Review: I don't read a lot of political fiction because I do feel it gets infused with the author's political views but in Cleo McDougal Regrets Nothing I didn't feel that at all. Sure I knew what political party Cleo was in but it wasn't the driver/focus of the book. As women, we are familiar with the term frenemy and Cleo is outed as not a nice person by her's from high school, Maryanne. Although her motive isn't really alturistic either. To say that neither of them are not good people would be too easy and gloss over more complicated feelings and circumstances.

Cleo is a wonderfully complicated character that you do feel like you know her. Cleo has always been about herself and being first or winning. What she never realized with that singular focus, she never realized how her goals and means to her goals affected other people. How they might have been hurt in the wake of the storm that is/was Cleo. With the op-ed by Maryanne, it forces Cleo to look in the mirror and realize that maybe she doesn't regret some of her actions but that doesn't mean she has to be proud of them.

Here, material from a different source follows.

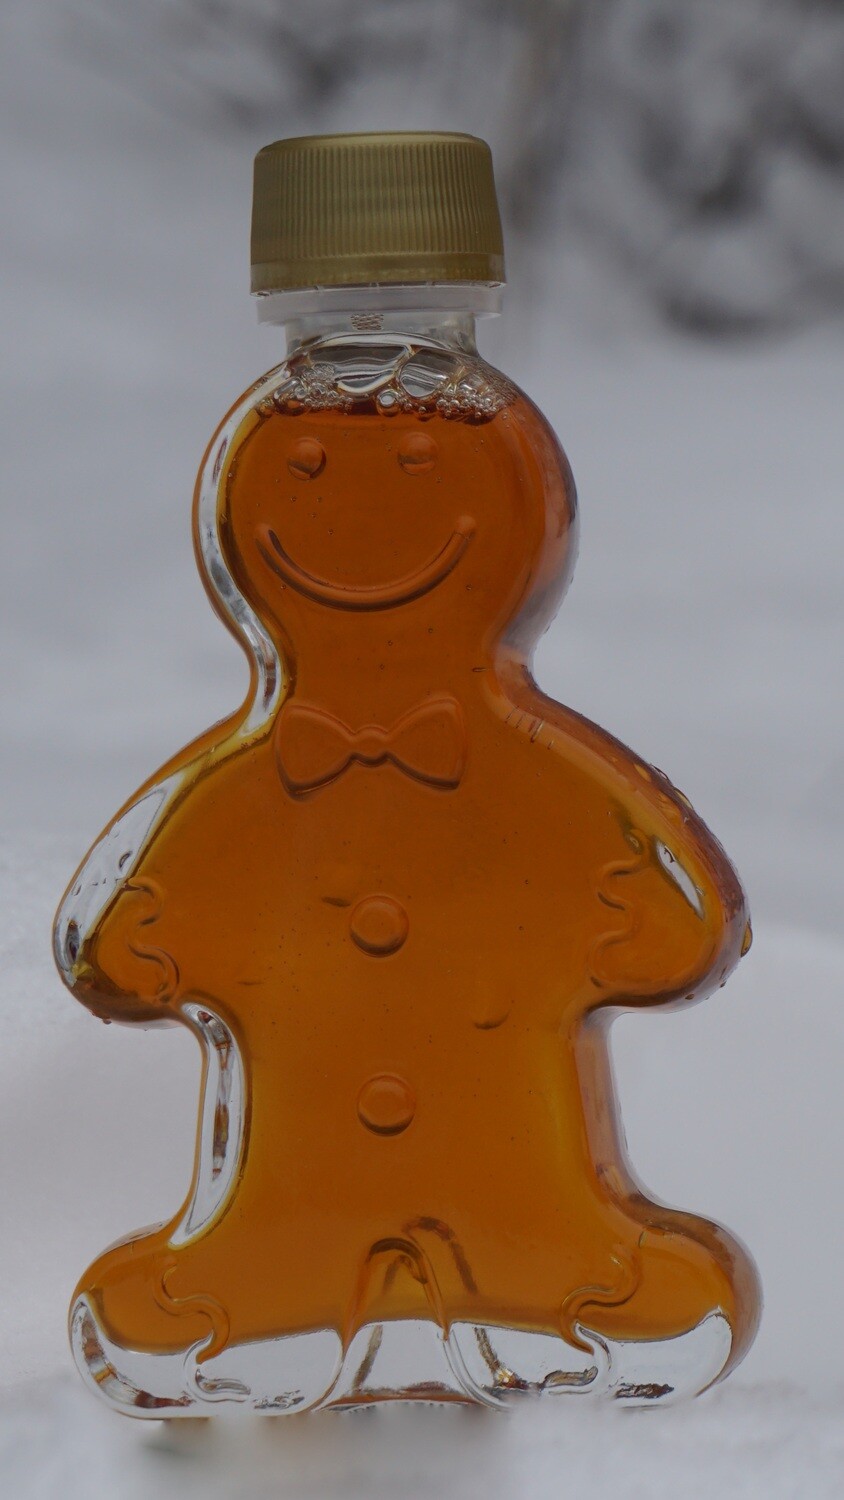 Maple Syrup in Gingerbread Person Bottles - Judd's Wayeeses Farms

There are so many great supporting characters in this book, her son Lucas being on of them. She begins to realize that it's always been the two of them and now that he's a teenager it might not hurt to be alone. She also comes to the conclusion that some of her decisions have been selfish when it came to him. In order to be a better mother, she needs to put his feelings first for a while.

This book is so layered that there were times where I paused and thought, "wow" beause it rang so true for the undercurrents of the novel. Women are put through the ringer professionally and personally and held to higher standards which isn't necessarily bad but it is certainly not fair. Ms. Scotch addresses these issues with aplumb.

Cleo McDougal Regrets Nothing will be on my best of 2020 list for sure. I highly recommend!